Inside C30, a courtroom designated for major felony trials at Orange County’s Central Justice Center in Santa Ana, public seats are firm, half-century-old wooden chairs. After about an hour of use, they cause pain and prompt widespread squirming that results in an annoying, continual symphony of creaks. Unlike the majestic Ronald Reagan Federal Courthouse a few blocks away, the beige walls and grayish, industrial-quality carpet feel a notch above a hastily constructed DMV satellite office. Its only saving grace is a large, southwest-facing window that allows eighth-floor scenery to the Pacific Ocean and Long Beach, as well as afternoon sunlight.
Pale from six years of pretrial confinement, Daniel Patrick Wozniak grabbed that view each time bailiffs escorted the local theater actor turned killer into the courtroom. There hasn’t been any question of guilt. Costa Mesa police detectives obtained a confession from Wozniak that he committed a double murder in May 2010 while on the verge of financial ruin. The savageness of the killings plus the freakish motive—to steal money for his planned wedding and honeymoon—landed on national television-news broadcasts and in newspapers around the world.
Only one question remained as of last month: Should 32-year-old Wozniak, a movie buff who had no violent criminal record prior to the homicides, receive California’s death penalty or live the rest of his life in prison without the possibility of parole (LWOP) for murdering Orange Coast College students Sam Herr, 26, and his 23-year-old friend Juri “Julie” Kibuishi?

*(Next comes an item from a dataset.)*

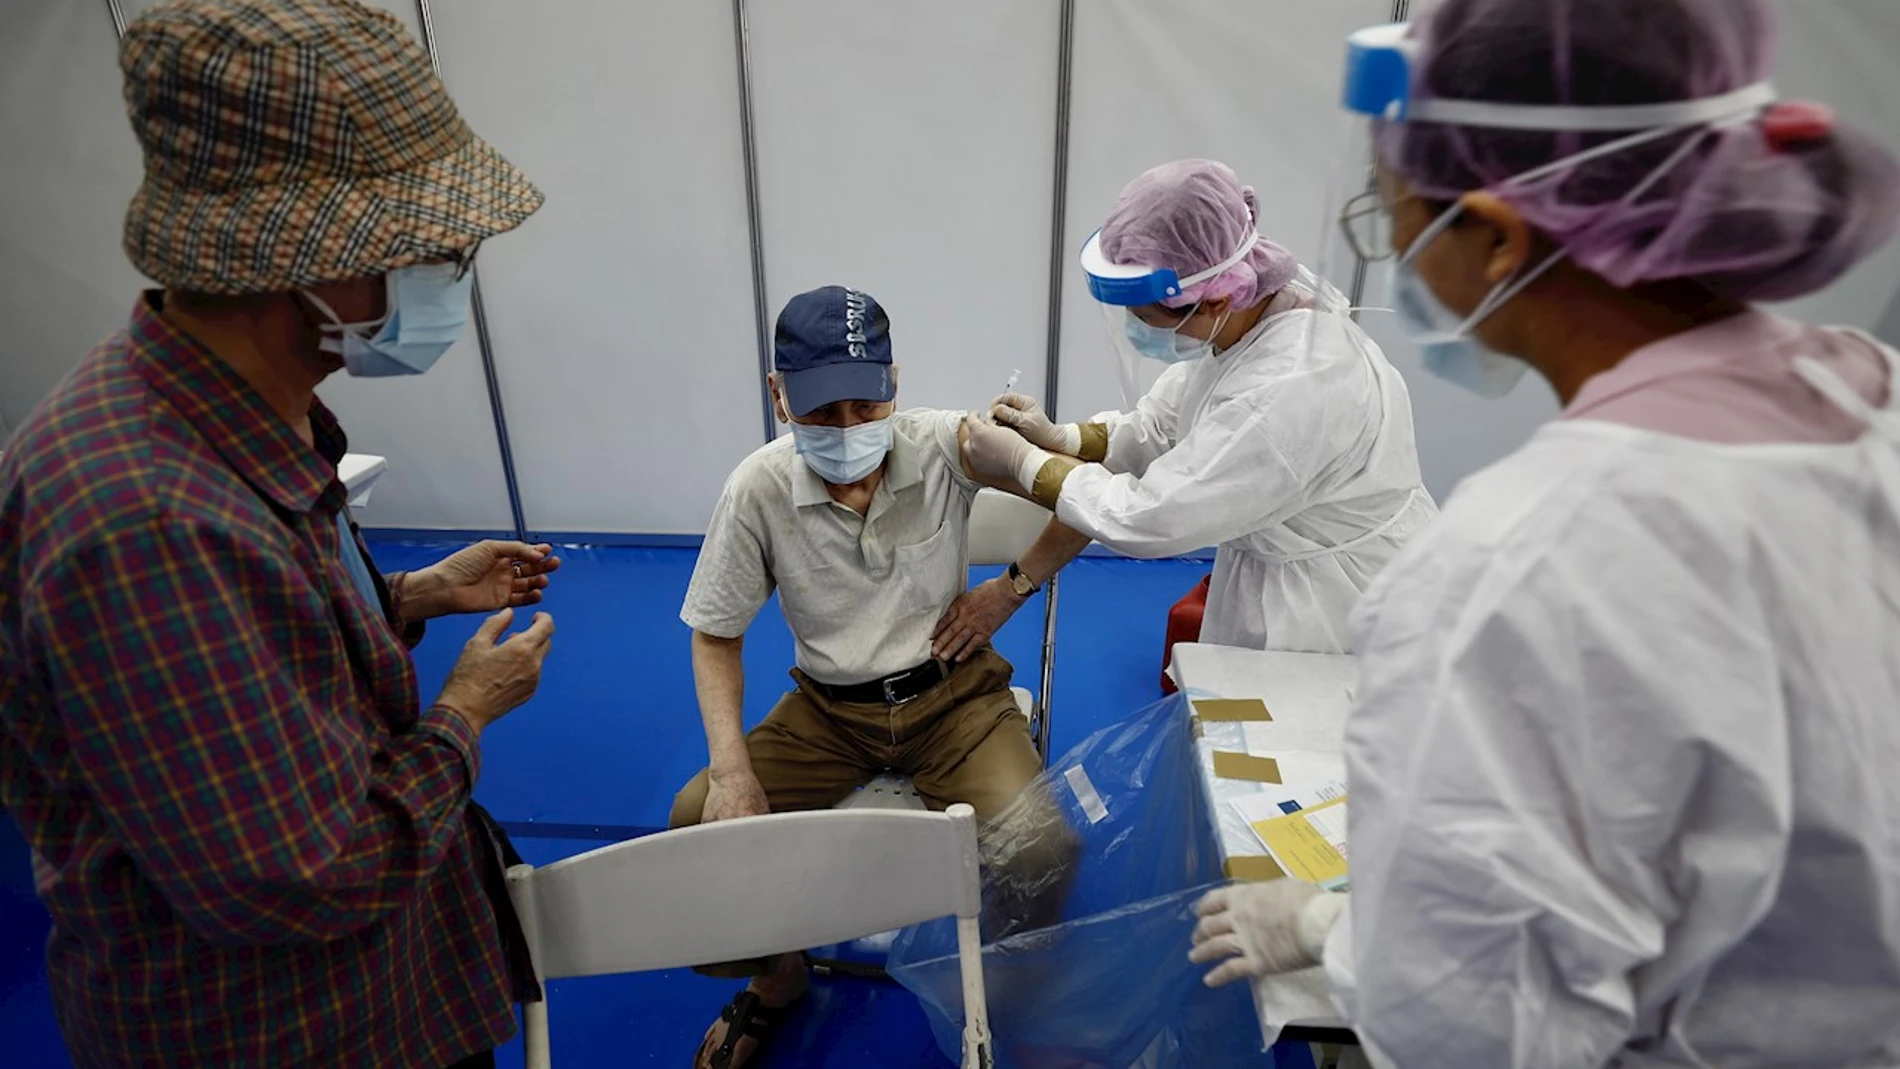 Centro de vacunación contra el coronavirus en China

Besides a jury that recommended death in January, the three main actors in this drama were Superior Court Judge John D. Conley, Senior Deputy District Attorney Matt Murphy and Assistant Public Defender Scott Sanders. Murphy and Sanders are among the elite lawyers in their respective public agencies. Neither suffers from a lack of intelligence, ingenuity or courtroom prowess, but the Wozniak case turned once-friendly opponents into bitter enemies.
Murphy—a gregarious Republican and skilled surfer known to captivate jurors with his charisma—hails the county’s criminal-justice system as righteous. Nobody better sells the notion of blemish-free cops straight out of 1950s Dragnet episodes. Nearly three years ago, the more progressive Sanders—a family man, a basketball enthusiast and the epitome of a relentless advocate for his clients—dropped a bombshell on that system, producing evidence of entrenched corruption over a span of three decades. The mess has become known as the Orange County jailhouse-informant scandal, and the results are undeniable.

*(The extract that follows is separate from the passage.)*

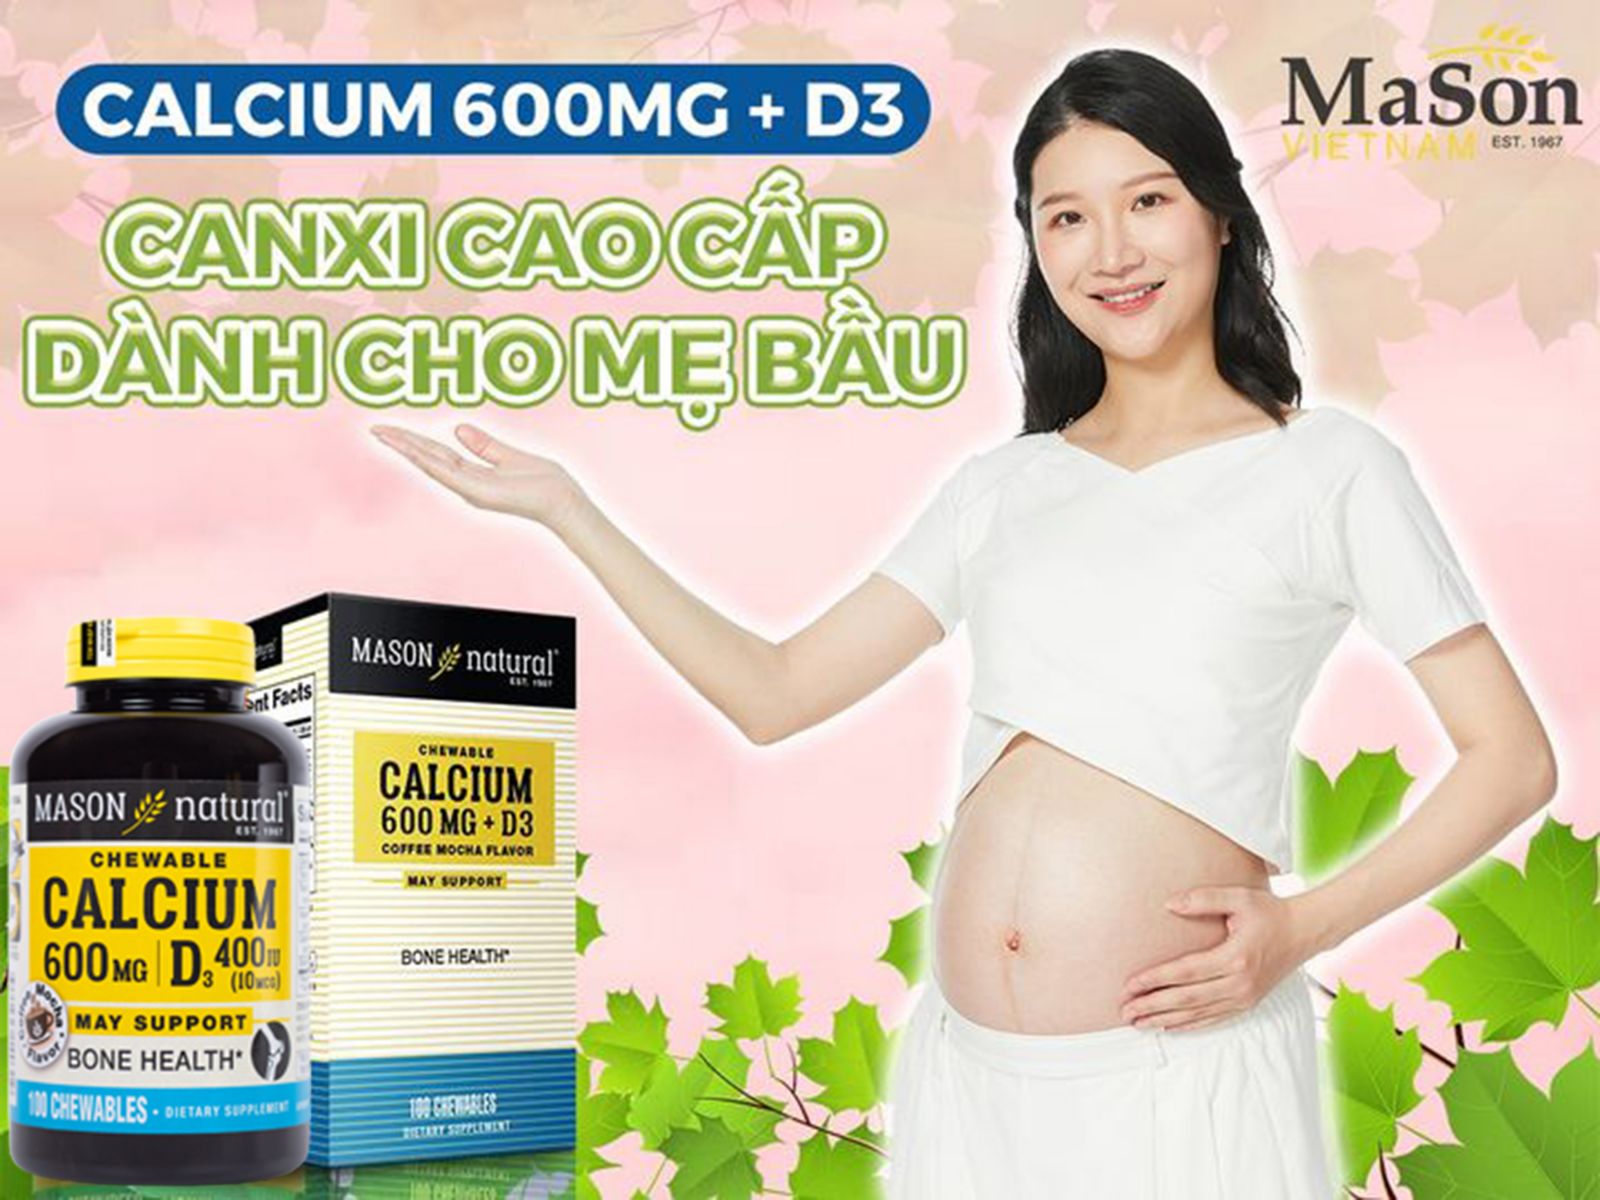 Calcium 600mg + D3 – Canxi nhai cao cấp dành cho mẹ bầu 3 tháng giữa

Tainted government acts involving unconstitutional scams, evidence hiding and perjury have wrecked at least 15 cases, allowing accused murderers and attempted murderers to win new trials, walk free or grab severely reduced sentences. Last year, Judge Thomas M. Goethals recused District Attorney Tony Rackauckas and his entire office from People v. Scott Dekraai, another death-penalty case, because of ethical lapses. Rackauckas took a slam-dunk case against Dekraai, who committed the worst mass shooting in county history, and infuriated victims’ families by unnecessarily cheating, a tactic that is prolonging the trial for years. A senior court official, Richard M. King, documented how the DA has tried to intimidate judges into being quiet about government misconduct.
For her part, Sheriff Sandra Hutchens is pretending all unconstitutional deputy plots and deceitful sworn testimony were benign mistakes that accidentally benefited the prosecution 100 percent of the time. She has refused for three years to obey a lawfully-issued court order for records in Dekraai, claiming she is sincerely searching for responsive documents. Through her lawyers, she simultaneously insists release of the records she supposedly can’t find would jeopardize her ability to keep operations secret.

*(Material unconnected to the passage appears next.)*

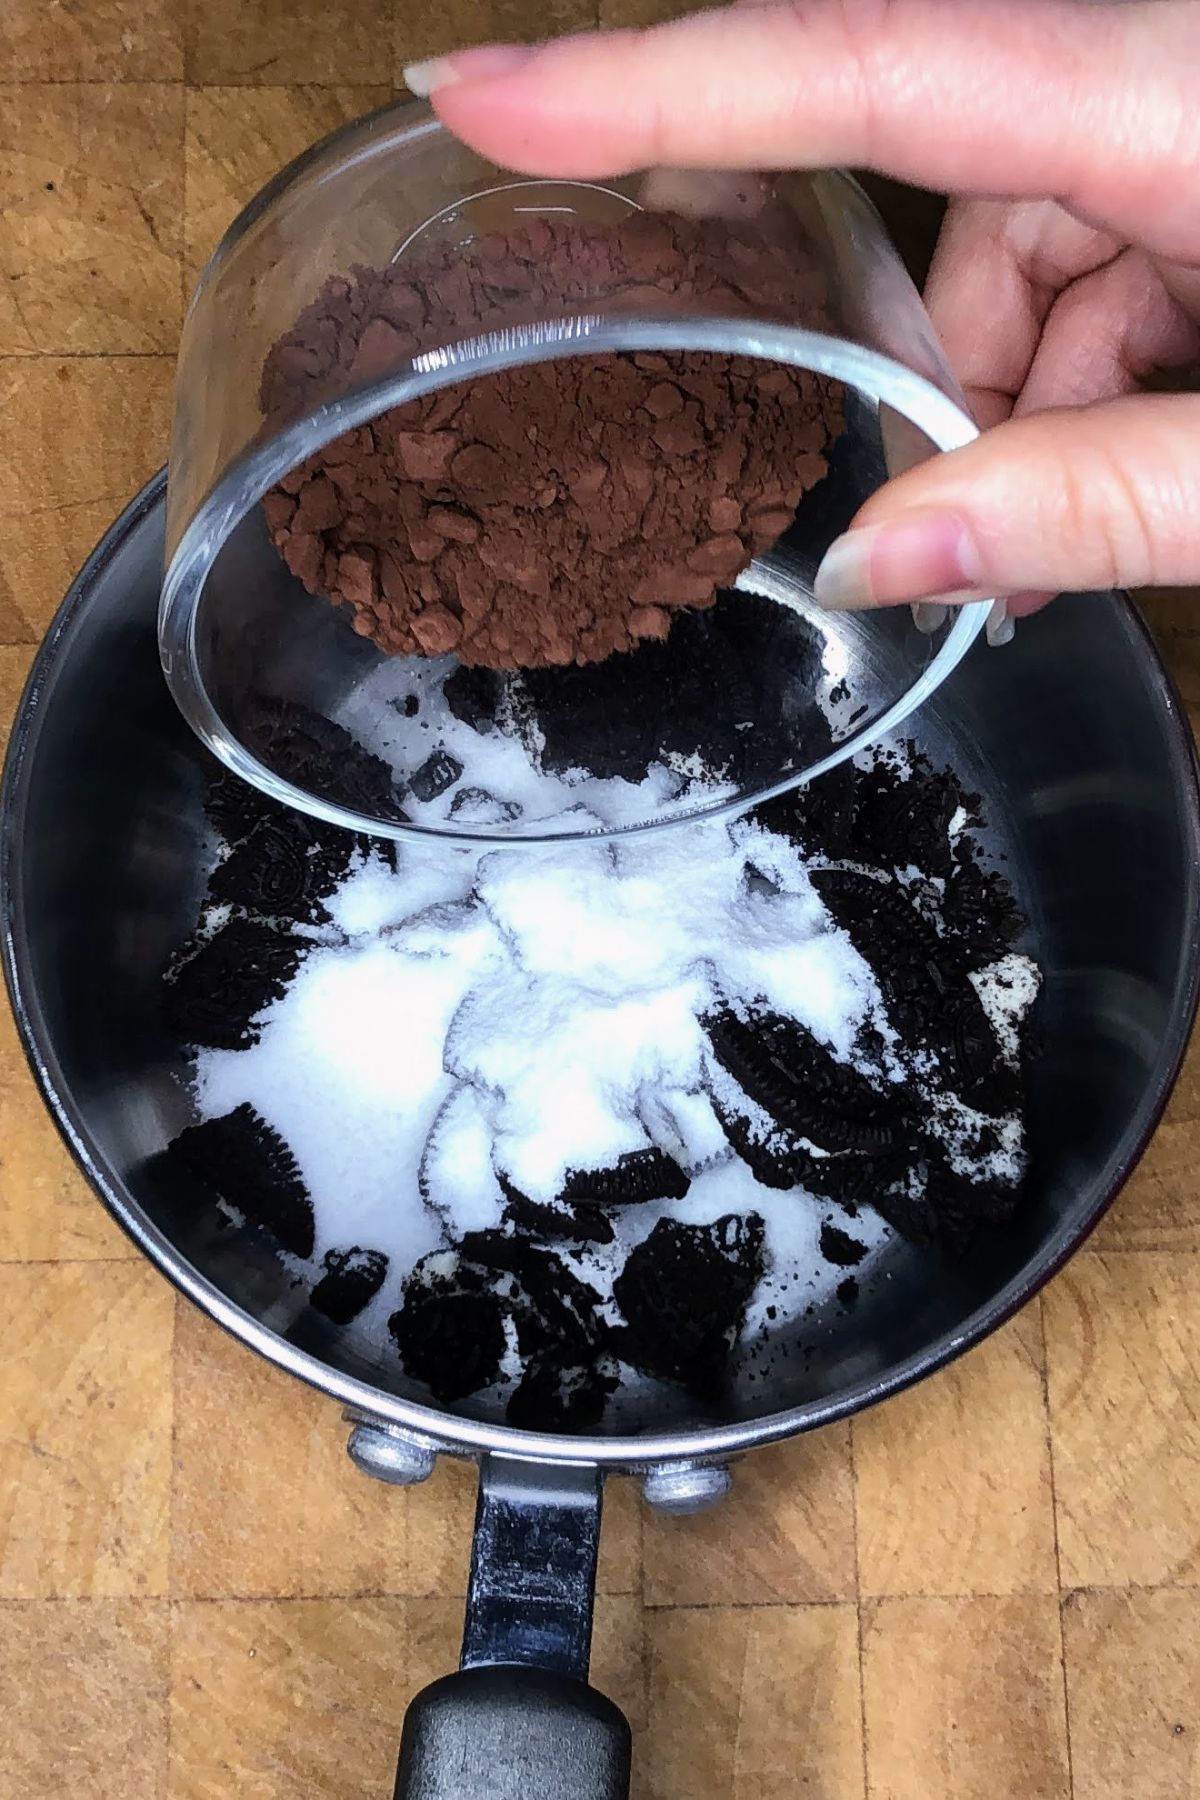 Pouring cocoa powder into a pot.

The scandal’s ripple effect isn’t confined to Southern California. News outlets such as The New York Times, Salon, National Review, Huffington Post and the Washington Post have ridiculed the corruption. Last year, more than three dozen prominent legal scholars, including former capital-case prosecutors and former California attorney general John Van de Kamp, signed an open letter asking Attorney General Loretta Lynch to conduct a U.S. Department of Justice investigation.
However, not everyone appreciates Sanders’ revelations. The original Wozniak judge, James A. Stotler, a former private attorney for the local sheriff’s union, recused himself from the case in early 2015 after confessing his desire to see the public defender humiliated and his reputation ruined. Pushing for the ultimate punishment, Murphy opposed the case’s transfer to Goethals, the judge in Dekraai, and the matter landed in with Conley, a former prosecutor who loathes Sanders more than Stotler. He made no secret of his determination to send Wozniak to Death Row with as little fanfare as possible.
The judge’s feud with Sanders was personal. While exposing the snitch scandal, the public defender unearthed Conley’s first-hand knowledge of informant abuse. When he was a deputy DA, the judge relied on notorious jailhouse snitch James Dean Cochrum to bolster a weak case in People v. William Evans, according to court records.
It didn’t take long for Conley to abandon the appearance of neutrality during closing arguments in the guilt portion of Wozniak. On Jan. 7, following the judge’s scheduling announcement to the jury, Murphy went first, giving the jury a superb, gut-wrenching performance for nearly four hours. That left Sanders only 70 minutes to speak. The following day, Conley decided “to level the playing field” by letting the prosecutor redo his closing statement for jurors who “may have difficulty recalling exactly what Mr. Murphy said on the various topics being discussed.” Outside the presence of the jury, a fight erupted, with Sanders claiming a last-minute scheduling change would signal to jurors that Conley hoped they’d impose the death penalty. Worried that a future appellate court might not appreciate his ham-fisted strategy, the judge reluctantly retreated.
But Conley’s hostility never subsided. During the last month of the case, he repeatedly glared at Sanders, played dumb to simple points a child could grasp, mocked other arguments and hinted at issuing contempt charges if he didn’t feel adequately respected during proceedings. Meanwhile, the septuagenarian judge smirked on several occasions, unable to hold back his glee after unnerving the public defender by rejecting his requests for records that, in Sanders’ view, potentially could save Wozniak from the death penalty.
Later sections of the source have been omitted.